煮魚、きんぴら、お漬物。和のおかずと
パンを美味しく合わせる方法。
パン業界の人にはその名を知られた愛パン家の渡邉政子さん。和のおかずとパンを美味しく合わせる方法を教えていただきました。
このタイトルについて、本人はこう語っている。
「多くの人が、毎日ごはんを食べていますよね。日本人にとっての主食はやはりごはんですから。でも、その毎日の主食が私の場合、パンなんです。パンを食べるからジャムを塗って、とかチーズをのせて、ハムをのせて、という考えが私にはまったくありません。大好きなパンを、大好きないつものおかずと一緒に食べる。つまり、多くの人はパンにジャムをつけて食べるけれど、まさこはこんなものと一緒にパンを食べてます、ということです」
まさこさんは一日一回しか食事をしない。一日一回の食事に必ずパンを食べる、となれば、『まさこジャム』の、パンチの効いた副題にある文言、「365日パンのみを食べて生きる」は、あながち間違ってはいないことになる。

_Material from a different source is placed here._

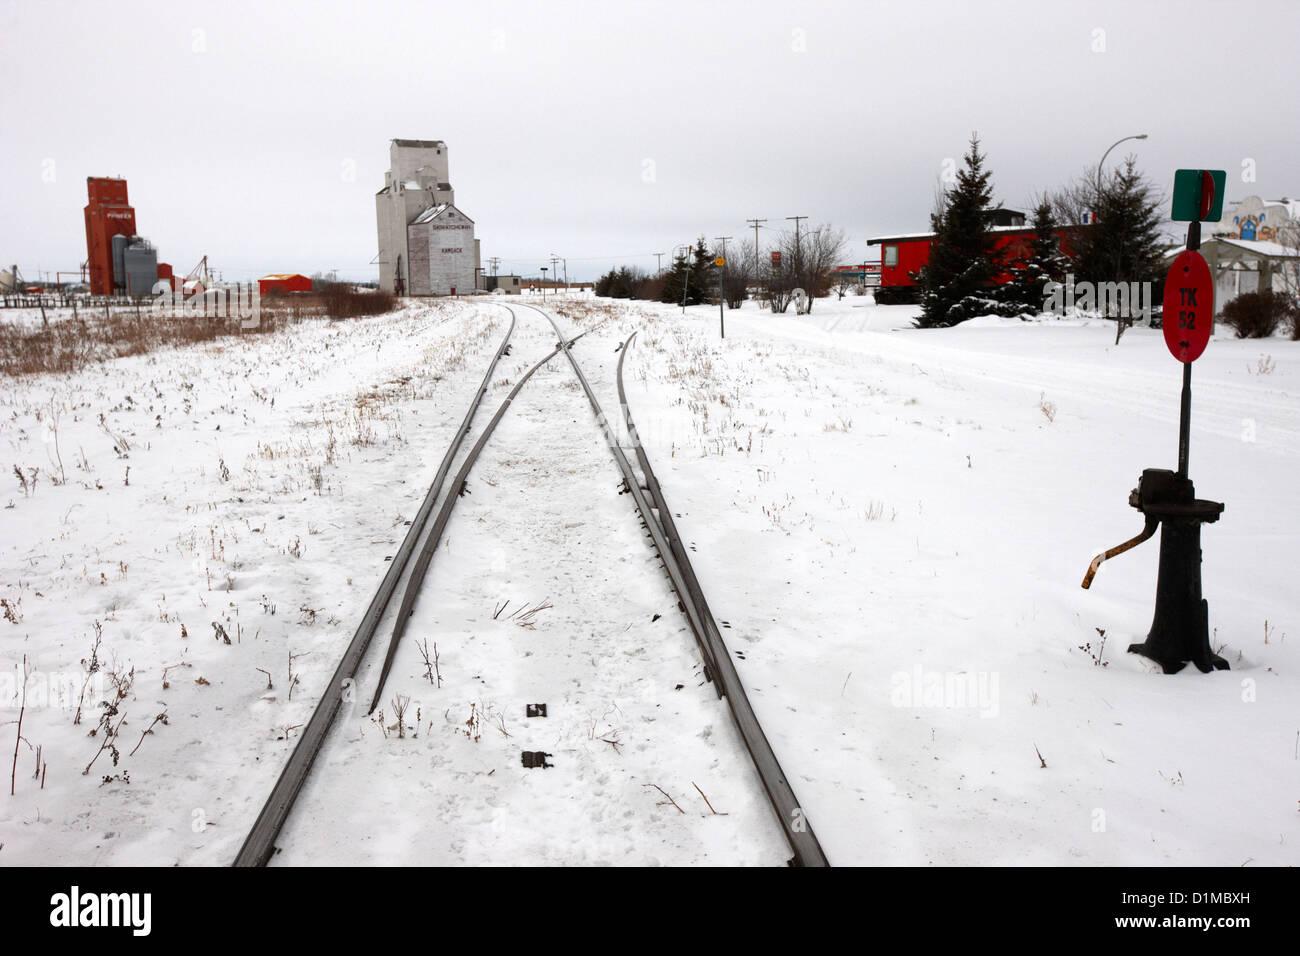 CN canadian national railway tracks and grain silos Kamsack Saskatchewan Canada - Stock Image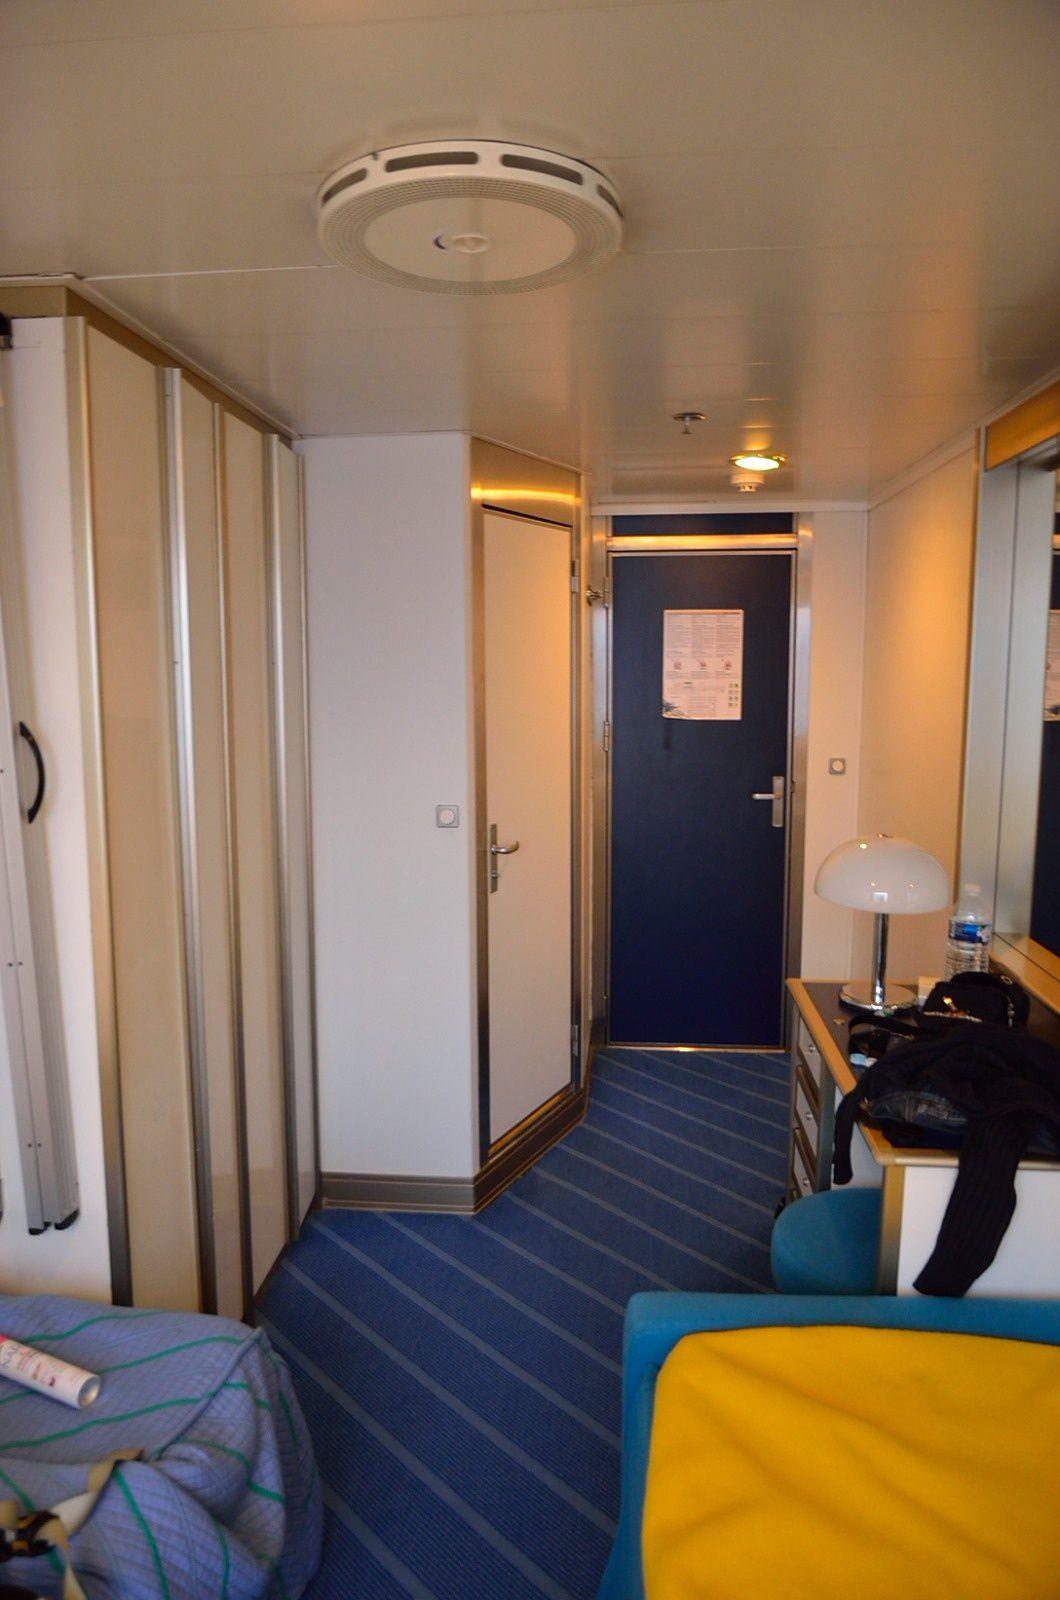 travers e toulon ajaccio avec corsica ferry damien dudognon mon blog photo randonn e. Black Bedroom Furniture Sets. Home Design Ideas

というわけで、まさこさんのことが気になってしかたなくなり、彼女の食卓を実際に見せてもらいに、冬の間まさこさんが両親とともに暮らす長野県茅野市の実家まで訪ねていくことになった。
茅野駅のすぐ近くにあるお宅に迎えてくれたまさこさん、日当たりのいダイニングキッチンに案内してくれた。
この日、スタッフが東京から持参した、まさこさんお気に入りのパン屋さん、桜新町の『ベッカライ・ブロートハイム』のバゲットを手渡すと、満面の笑みに。まさこさんが世界で一番好きなバゲットである。どんなところが魅力なのか聞いてみると、
「他にも美味しいバゲットはあるけれど、毎日食べても飽きない、毎日食べたいと思わせるのはこのバゲットです。私にとって、パンは白いごはんと同じですから、どんなおかずとも合う、飽きのこないパンがいちばんです。存在感が大きすぎる、美味しすぎるバゲットはそれ自体がごちそうなのでおかずを食べる気がしなくなる。だから私には向きません。もちろん、そういうパンを食べたくなる時もありますが」
このように、パンに関しての価値観がはっきりしていて、迷いがないのさすが「愛パン家」の貫禄。そして早速、食事するまさこさんを取材することに。
「じゃ、おかずを出しますね。きょうのメインは煮魚です」。ガスコンロの上に煮魚の鍋、煮豆も鍋の中。冷蔵庫を開けると、たくさんの密閉容器に綺麗に詰めた惣菜の数々が。それらを一品ずつ器に盛りつけるまさこさん。並んだおかずは、切り昆布煮、きんぴら、洋風切り干し大根、セロリじゃこ、豆の煮物、ゴーヤの佃煮など。自家製の赤大根漬けと千枚漬けもある。
「野菜が好きなので多めです。それから、パンに塩気があるのでおかずは薄味を心がけています」
食卓の準備が整ったので、「いただきま〜す」と、まさこさん。おかずを食べ、パンを食べる。いたって普通である。
「そうでしょう? おかずを食べて、ごはんを食べる。みんなそうやって食事しますよね? 私の場合は、それがパンに変わっただけですよ(笑)」。
時々、パンになにかをのせたり、煮魚の汁にパンを浸したりしながら、食事を楽しむ。なにより、食事中のまさこさんは、楽しそうで幸せそうだ。
◎渡邉政子さん 愛パン家/肩書の「愛パン家」は、「パンの会」を立ち上げた’92年から名乗っている。著書に『まさこジャム』(ガイドワークス)。